(Data Opens)

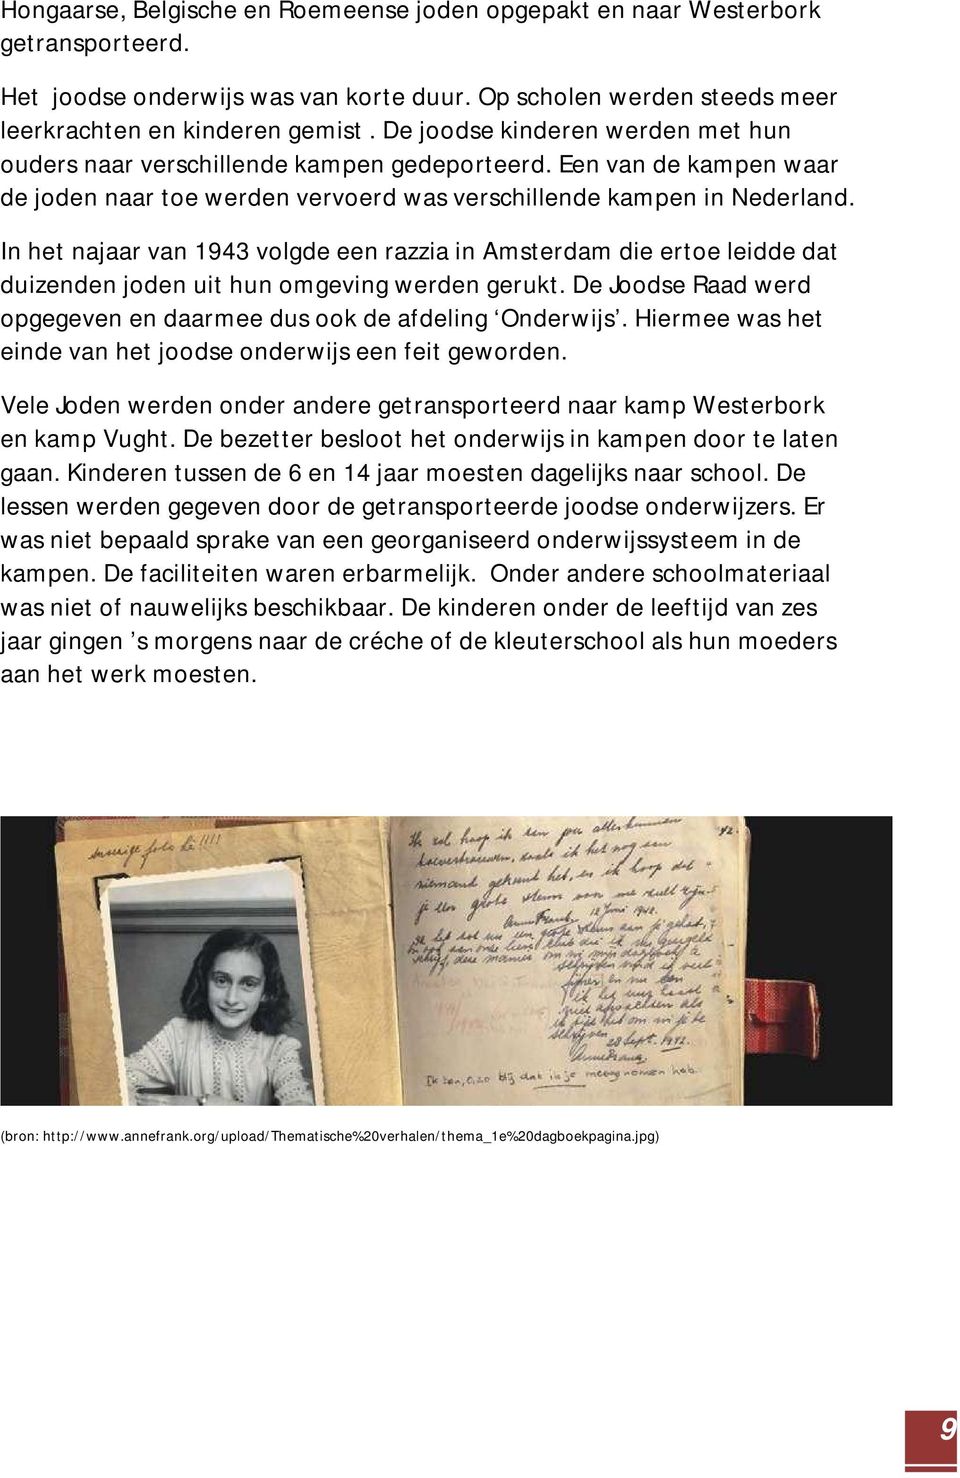 In het najaar van 1943 volgde een razzia in Amsterdam die ertoe leidde dat duizenden joden uit hun omgeving werden gerukt. De Joodse Raad werd opgegeven en daarmee dus ook de afdeling Onderwijs.
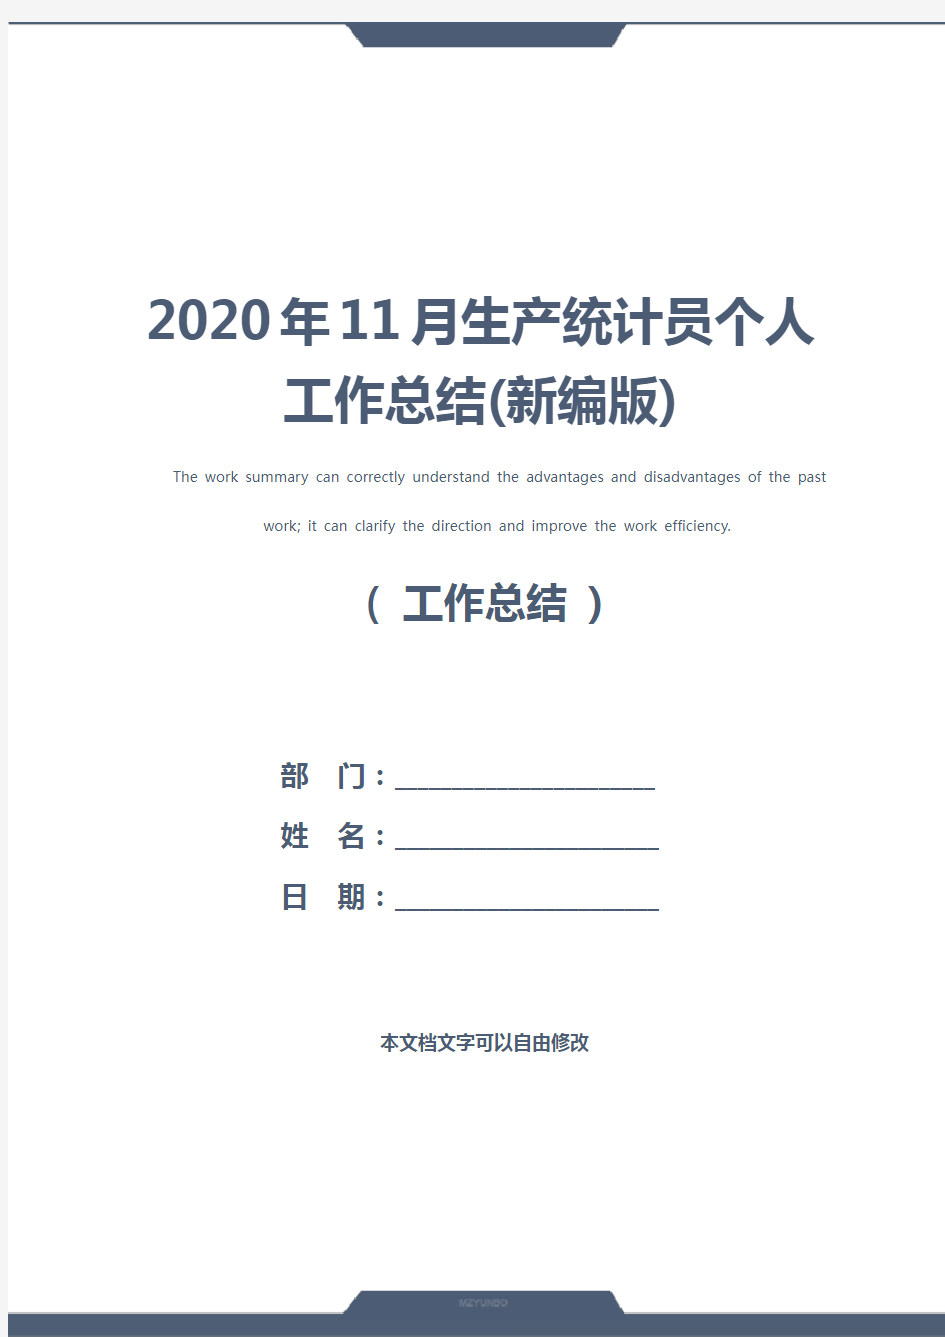 2020年11月生产统计员个人工作总结(新编版)
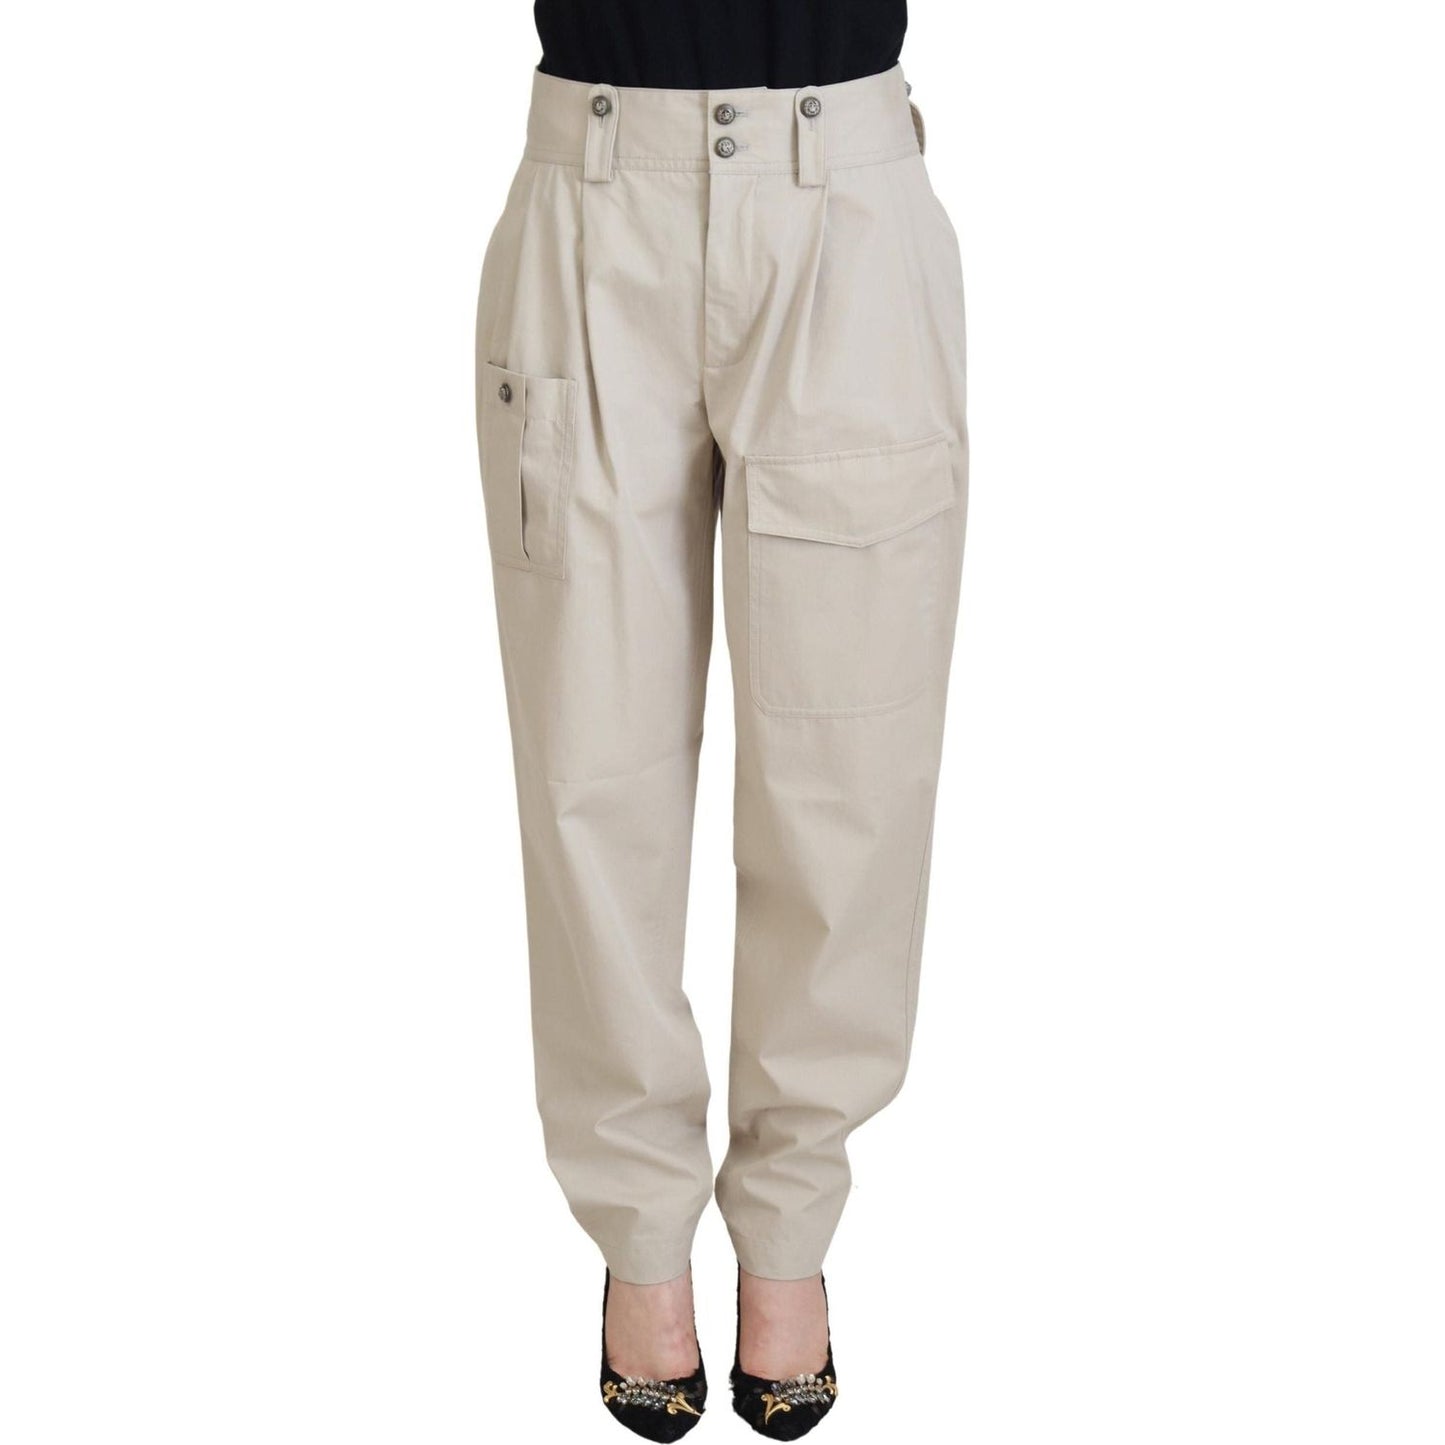 Dolce & Gabbana Elegant Beige Cotton Trousers Jeans & Pants beige-cotton-women-cargo-pants
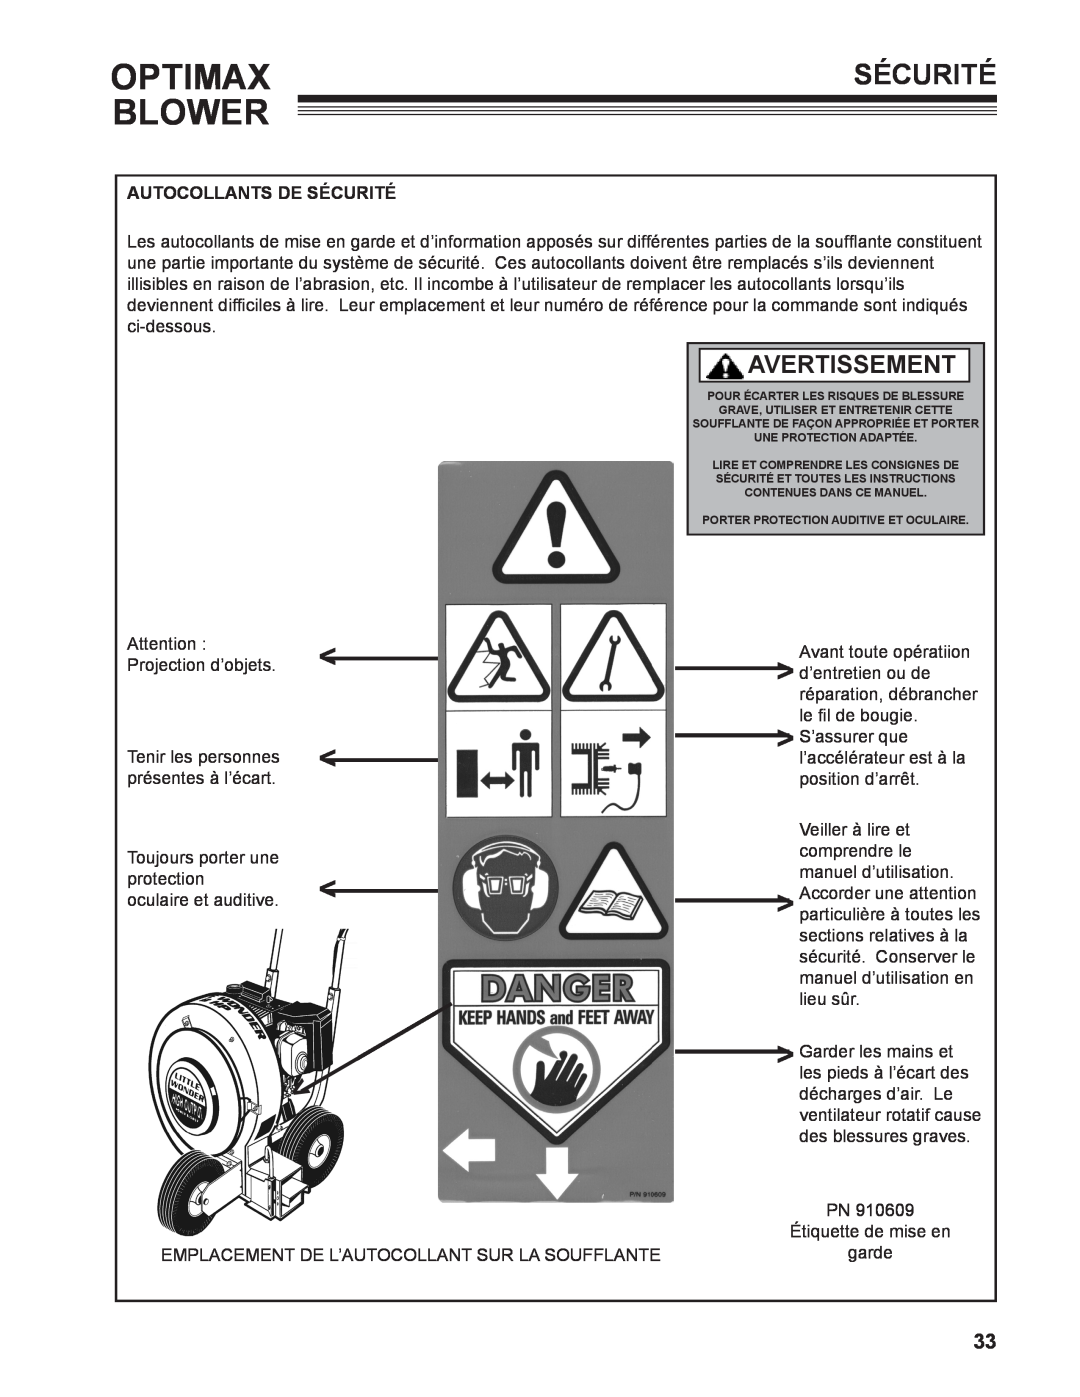 Little Wonder LB901-00-01 technical manual Optimax, Blower, Avertissement, Autocollants De Sécurité

(Data Closes)

• What you need to do: Could you repeat all of the data exactly, minus the pictures?

• Output of the exercise:
 In het najaar van 1943 volgde een razzia in Amsterdam die ertoe leidde dat duizenden joden uit hun omgeving werden gerukt. De Joodse Raad werd opgegeven en daarmee dus ook de afdeling Onderwijs.
 2020年11月生产统计员个人工作总结(新编版)
 Dolce & Gabbana Elegant Beige Cotton Trousers Jeans & Pants beige-cotton-women-cargo-pants
 Little Wonder LB901-00-01 technical manual Optimax, Blower, Avertissement, Autocollants De Sécurité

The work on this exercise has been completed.